The journey from aspiring security enthusiast to a paid bug bounty hunter is shrouded in mystery for many. When a researcher like ROHITH KUMAR announces accepted bugs on platforms like Bugcrowd, it represents the culmination of a rigorous process involving targeted reconnaissance, methodical testing, and precise vulnerability reporting. This article deconstructs that success into a actionable, technical framework, transforming social media celebration into a professional playbook for launching your own offensive security career.

Learning Objectives:

  • Master the foundational methodology for systematic attack surface enumeration and vulnerability discovery.
  • Develop proficiency in configuring and leveraging essential security testing tools for web application assessments.
  • Understand the end-to-end process from identifying a bug to crafting a report that guarantees acceptance and payout.

You Should Know:

  1. Laying the Groundwork: The Hacker’s Mindset & Setup
    Before firing a single packet, successful hunters establish a controlled, ethical, and effective environment.
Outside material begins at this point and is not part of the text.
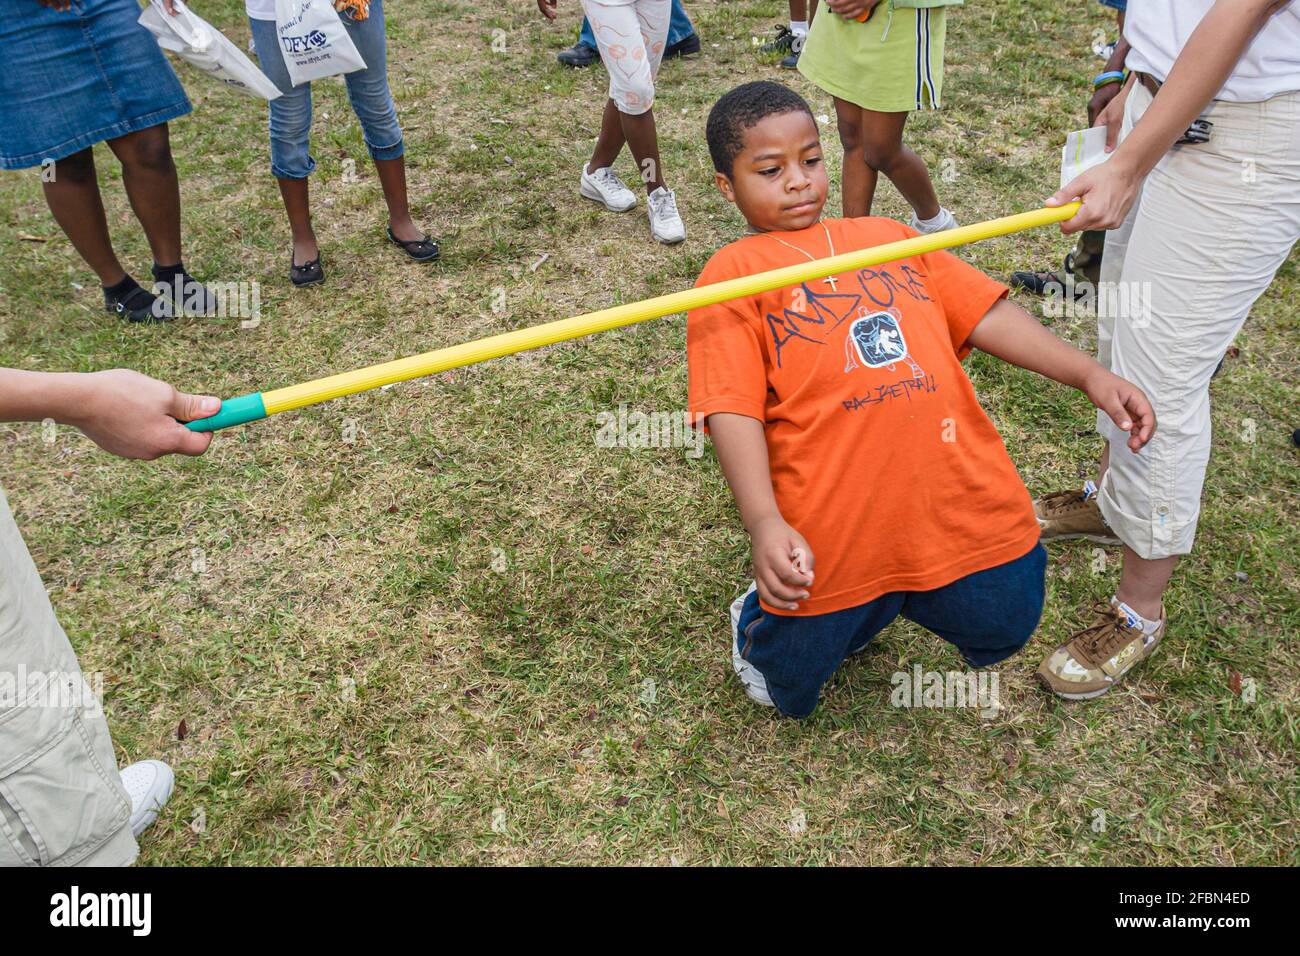 Miami Florida, Tropical Park Drug Free Youth in Town DFYIT, Student Anti-Suchtgruppe Picknick, Black Boy Limbo Contest schiefe Anstrengung unter Bar, Stockfoto

This involves legal agreements, virtual lab creation, and tooling configuration.

Step‑by‑step guide explaining what this does and how to use it.
First, explicitly read and agree to the rules of engagement (ROE) for any bounty platform (e.g., Bugcrowd, HackerOne). Never test a target not explicitly in scope. Next, set up your primary attacking machine. A Kali Linux virtual machine is the standard, but a configured Windows Subsystem for Linux (WSL2) environment on Windows is also viable.

 Update Kali Linux and install core tools
sudo apt update && sudo apt full-upgrade -y
sudo apt install git curl wget nmap golang docker.io chromium -y

Establish organizational tools: use Obsidian or Notion to document findings, and a tool like `tmux` or `Terminator` for terminal multiplexing to manage multiple reconnaissance streams.

2. Strategic Reconnaissance: Mapping Your Attack Surface

Passive and active reconnaissance identifies all in-scope assets, subdomains, and technologies, creating a target list far beyond the main application URL.

Step‑by‑step guide explaining what this does and how to use it.
Start with passive subdomain enumeration using tools that leverage certificates, DNS, and archived data.

 Install and use assetfinder & subfinder (Golang tools)
go install github.com/tomnomnom/assetfinder@latest
go install github.com/projectdiscovery/subfinder/v2/cmd/subfinder@latest
assetfinder -subs-only target.com > assets.txt
subfinder -d target.com -silent >> assets.txt
sort -u assets.txt -o final_assets.txt

Probe for alive HTTP/HTTPS servers from your list using httpx.

 Install and run httpx for filtering live hosts
go install github.com/projectdiscovery/httpx/cmd/httpx@latest
cat final_assets.txt | httpx -silent -title -status-code -tech-detect -o live_targets.txt

Analyze the `tech-detect` output to prioritize targets (e.g., outdated jQuery, known vulnerable frameworks).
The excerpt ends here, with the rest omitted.